DESCRIPTION ET ANALYSE ARTISTIQUE DE L’ŒUVRE
Les paroles originelles, dues à Anna Marly sont à peu près les suivantes :
De forêt en forêt / La route longe / Le précipice
Et loin tout là-haut / Quelque part vogue la lune / Qui se hâte
Nous irons là-bas / Où ne pénètre ni le corbeau / Ni la bête sauvage
Personne, aucune force / Ne nous soumettra / Ne nous chassera
Vengeurs du peuple / Nous mettrons en pièces / La force mauvaise
Dût le vent de la liberté / Recouvrir / Aussi notre tombe...
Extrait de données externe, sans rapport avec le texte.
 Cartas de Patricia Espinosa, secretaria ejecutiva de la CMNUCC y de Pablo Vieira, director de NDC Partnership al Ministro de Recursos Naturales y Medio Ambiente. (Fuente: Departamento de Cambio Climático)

Nous irons là-bas / Et nous détruirons / Les réseaux ennemis
Qu'ils le sachent, nos enfants / Combien d'entre nous sont tombés / Pour la liberté !
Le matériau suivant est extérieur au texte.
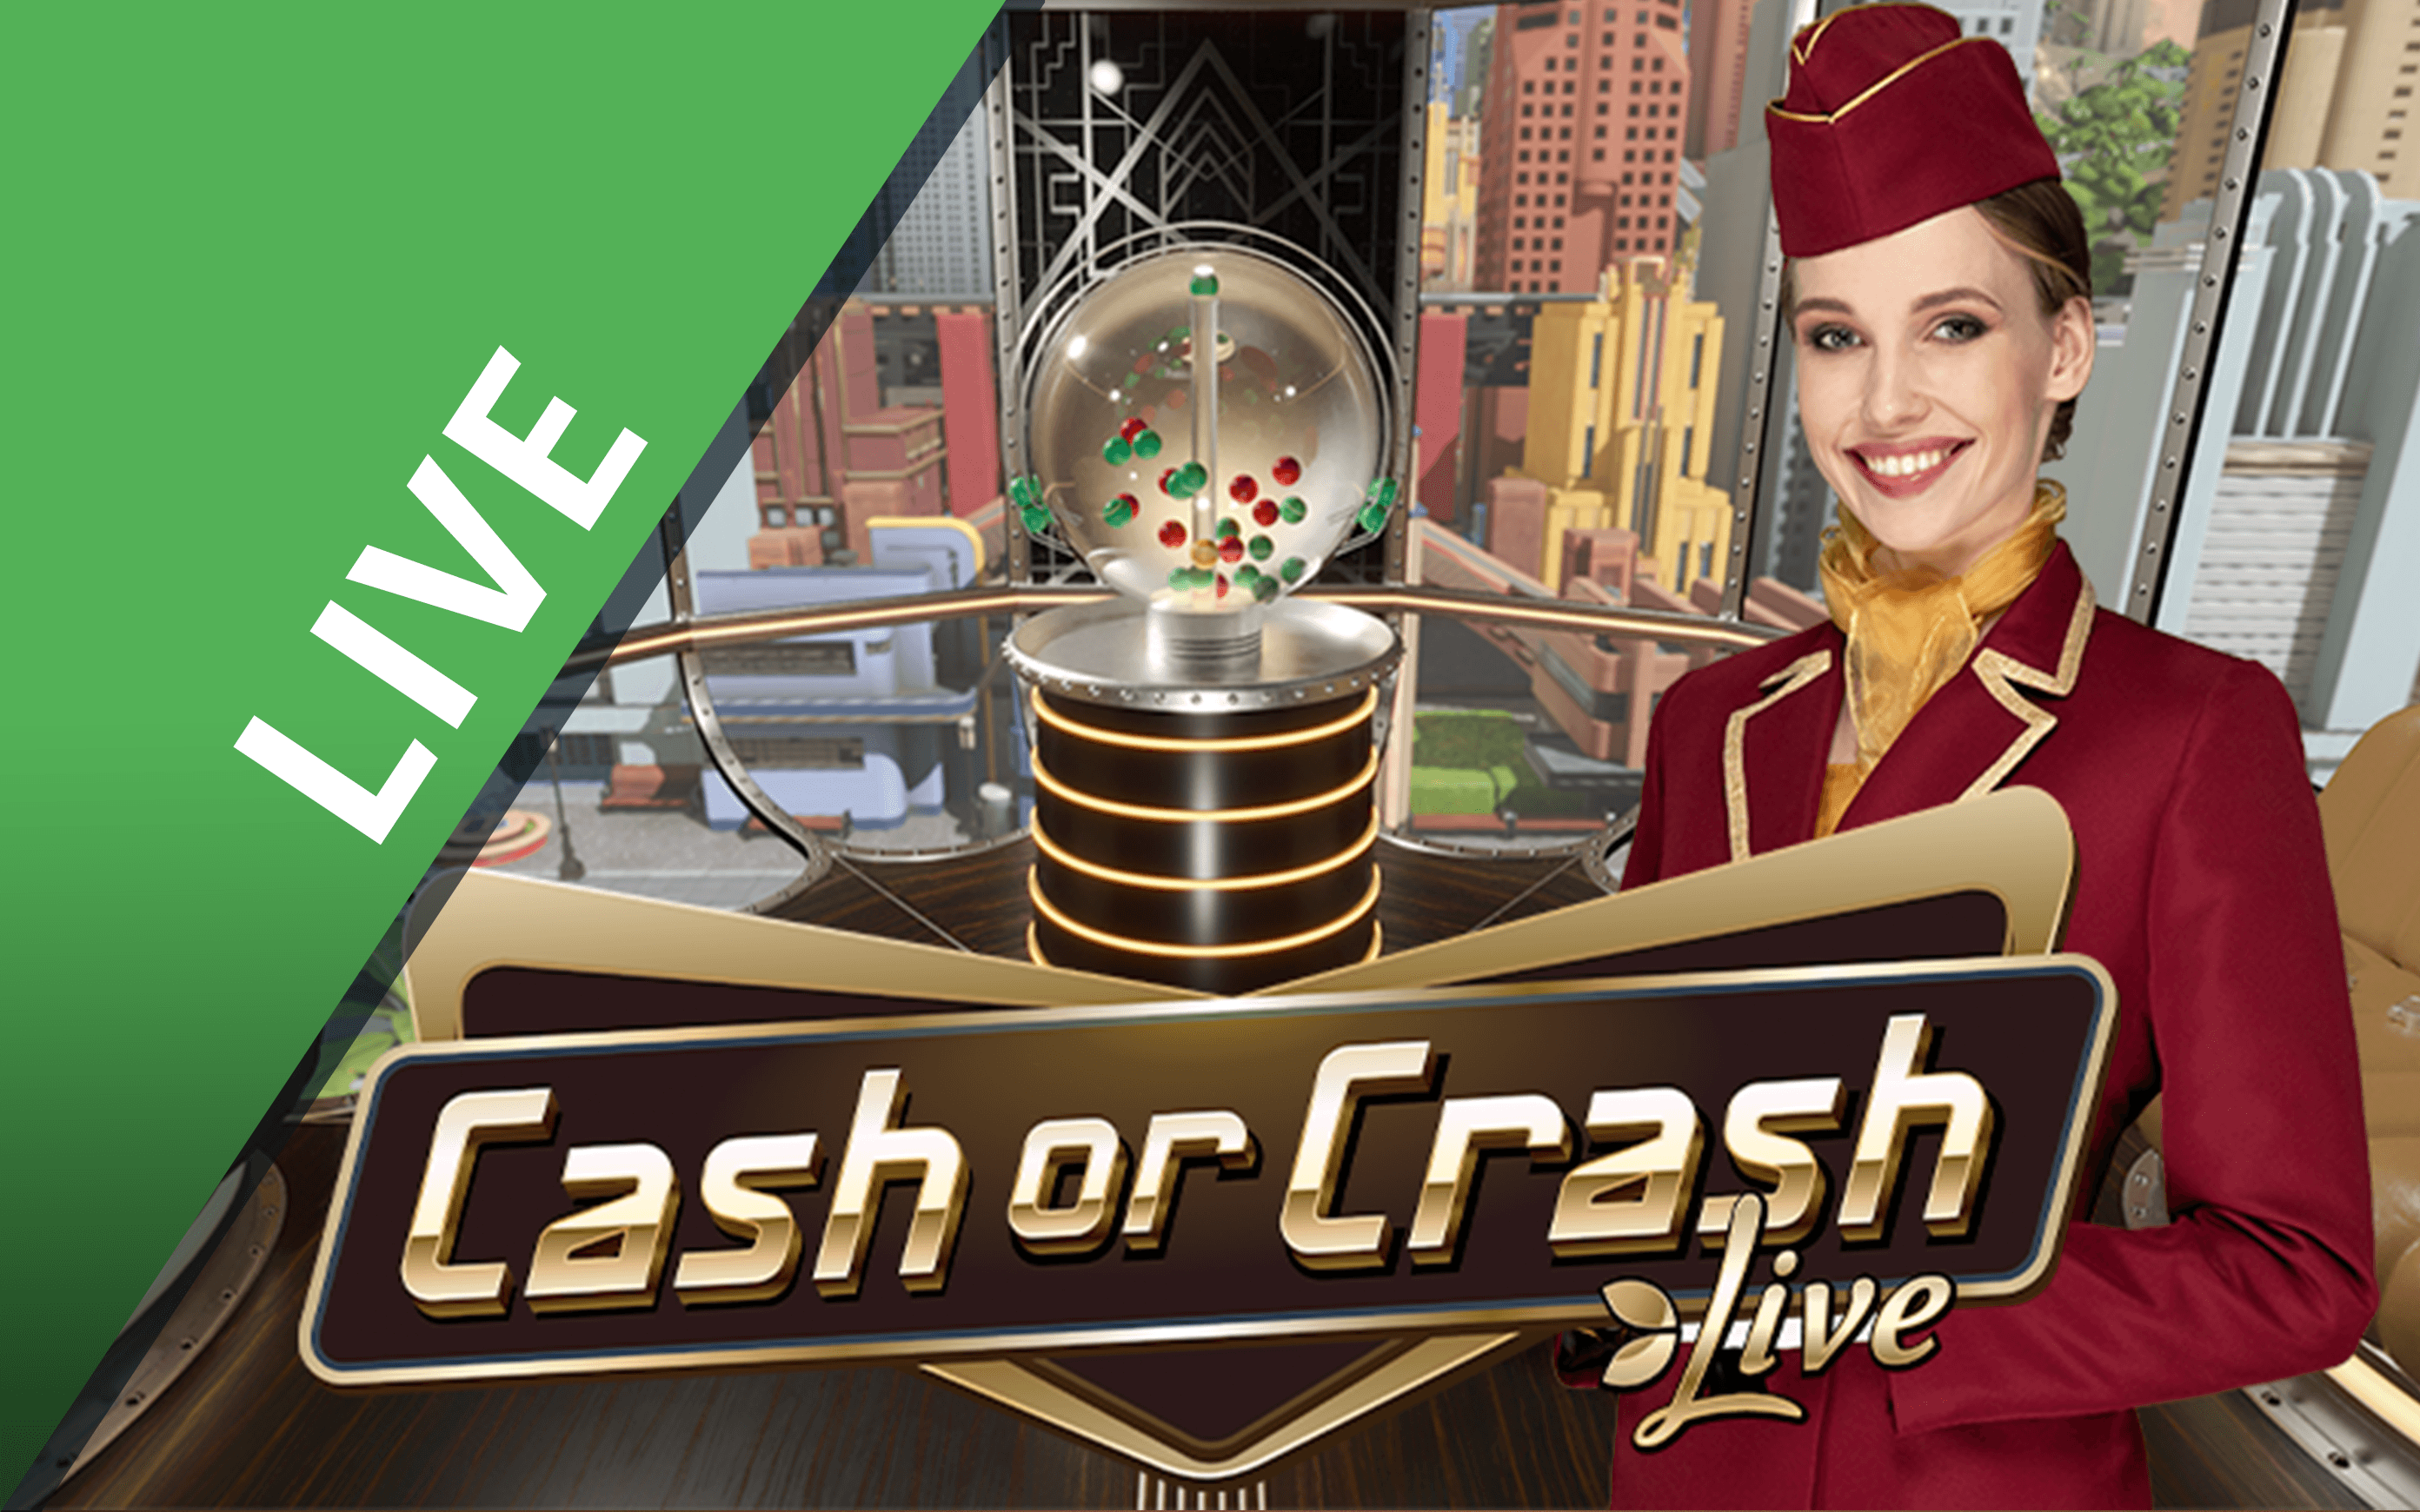 เล่น Cash or Crash บนคาสิโนออนไลน์ Starcasino.be

Ami, entends-tu le vol noir des corbeaux sur nos plaines ?
Ami, entends-tu les cris sourds du pays qu'on enchaîne ?
Ohé, partisans, ouvriers et paysans, c'est l'alarme.
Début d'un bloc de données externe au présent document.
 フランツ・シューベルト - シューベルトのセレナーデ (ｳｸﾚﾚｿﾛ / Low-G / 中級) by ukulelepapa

Ce soir l'ennemi connaîtra le prix du sang et les larmes.
Montez de la mine, descendez des collines, camarades !
Sortez de la paille les fusils, la mitraille, les grenades.
Ohé, les tueurs à la balle et au couteau, tuez vite !
Ohé, saboteur, attention à ton fardeau : dynamite...
C'est nous qui brisons les barreaux des prisons pour nos frères.
La haine à nos trousses et la faim qui nous pousse, la misère.
Il y a des pays où les gens au creux des lits font des rêves.
Ici, nous, vois-tu, nous on marche et nous on tue, nous on crève...
Ici chacun sait ce qu'il veut, ce qu'il fait quand il passe.
Ami, si tu tombes un ami sort de l'ombre à ta place.
Demain du sang noir sèchera au grand soleil sur les routes.
Chantez, compagnons, dans la nuit la Liberté nous écoute...
Ami, entends-tu ces cris sourds du pays qu'on enchaîne ?
Ami, entends-tu le vol noir des corbeaux sur nos plaines ?
Oh oh oh oh oh oh oh oh oh oh oh oh oh oh oh oh...
INTERPRETATION DE L’ŒUVRE
Le succès du Chant des partisans se prolonge dans de nombreuses interprétations postérieures à la guerre, dont
celle d'Yves Montand est une des plus célèbres, mais aussi Jacques Brel ou Jean Ferrat. Il sera relancé par André
Malraux, ministre de la culture, lors de la cérémonie d’entrée des cendres de Jean Moulin au Panthéon de Paris le
19 décembre 1964.
En 1997, pour le compte de l’association Tactikollectif, le groupe Zebda adapte la chanson dans l’album
« Motivés ». L’idée du disque était de remettre au goût du jour des chants de lutte. C’est un succès populaire
avec 200 000 exemplaires vendus. Ce disque est militant puisqu’il est produit en collaboration avec la Ligue
Communiste Révolutionnaire, un parti d’extrême-gauche dont le nom est depuis 2009 le Nouveau Parti
Anticapitaliste. Le chant des partisans transcende les époques et les sensibilités politiques. Ode à la liberté et à
l’insoumission, il peut devenir un chant de lutte politique et de contestation sociale. Un morceau de notre
patrimoine national qu’il convient de connaître et d’étudier.